„Apotheken vom Internet bedroht!“ So betitelte kürzlich die Magdeburger „Volksstimme“ ihren Bericht über die Bedrohung der Vor-Ort-Apotheken durch den Versandhandel. Grundlage war eine Mitteilung der Apothekerkammer Sachsen-Anhalt. So weit so gut. Nur: Über dem Text prangte eine Werbung der Versandapotheke Apotal. Apotheker Dr. Sebastian Baehs von der Stadt-Apotheke in Starnberg fiel die Sache auf. Der Verlag entschuldigt sich für den „Fauxpas“.
„Wäre es nicht so bedrohlich, es wäre schon wieder lustig“, findet Baehs, „da berichtet eine Lokalzeitung über die Probleme der Apotheker mit dem Versandhandel und schaltet darüber eine Anzeige eines großen Versenders...“ Natürlich weiß der Apotheker, dass die Ursache im modernen Internetmarketing zu suchen ist. Wer mehrfach nach einen bestimmten Begriff sucht, erhält irgendwann dazu themenbezogenen Werbung eingespielt.
Dem Verlag ist der „Fauxpas“ peinlich, liefert aber auf Nachfrage die gleiche Erklärung: „Online-Werbung kann nach Keywords im Text ausgespielt werden. Hier bietet der Werbetreibende auf entsprechende Keywords (hier beispielsweise online und Apotheke), und die Werbung wird bei solchen Inhalten ausgeliefert.“
Online-Werbung könne auch nach Surfverhalten des Nutzers ausgespielt werden: Wenn der Nutzer regelmäßig auf Seiten mit bestimmten Themen unterwegs sei, werde ihm eine Werbung dazu auch auf anderen Seiten angezeigt. „Dadurch, dass niemand das manuell überprüfen kann – bei der Vielzahl in redaktionellen Texten nicht mehr möglich – passieren solche Fauxpas“, so der Verlag. Ähnlich sei dies tatsächlich auch in den Printobjekten: Die Kollegen, die die Seiten planten und die Anzeigen platzierten, sähen nicht die tatsächliche Anzeige, sondern nur graue Felder.

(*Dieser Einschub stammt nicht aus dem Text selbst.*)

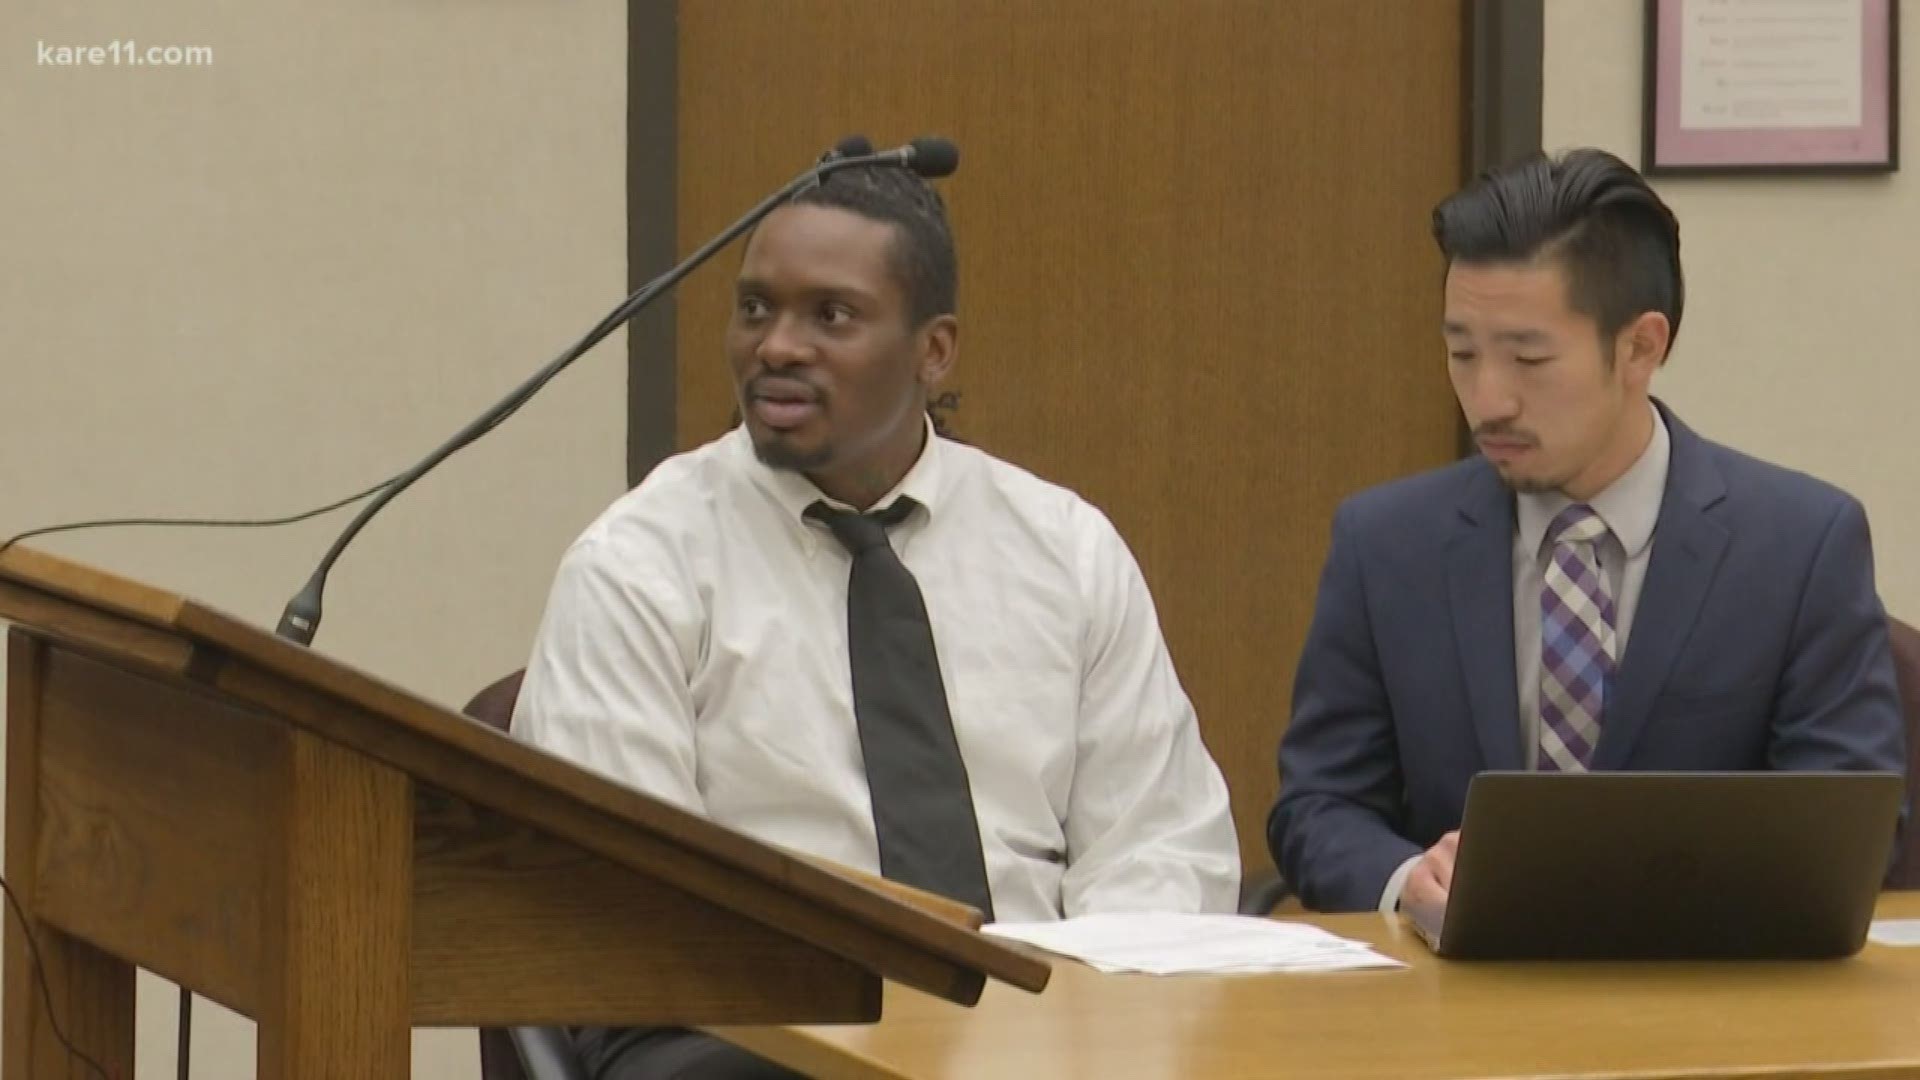 Marquell Johnson maintains his innocence after he was convicted of a Minneapolis drive-by shooting in August.

Apotheker Baehs liest im bayerischen Starnberg natürlich nicht die Magdeburger Volksstimme – auch nicht die Online-Ausgabe. Allerdings lässt er sich über Google einen Newsletter mit Apothekenthemen schicken. Und dort hat er den Text gefunden. Auch weil er an Magdeburg interessiert ist. Schließlich wurde er dort einmal geboren und pflegt noch gute Kontakte zu seinen alten Bekannten, darunter auch Apotheker.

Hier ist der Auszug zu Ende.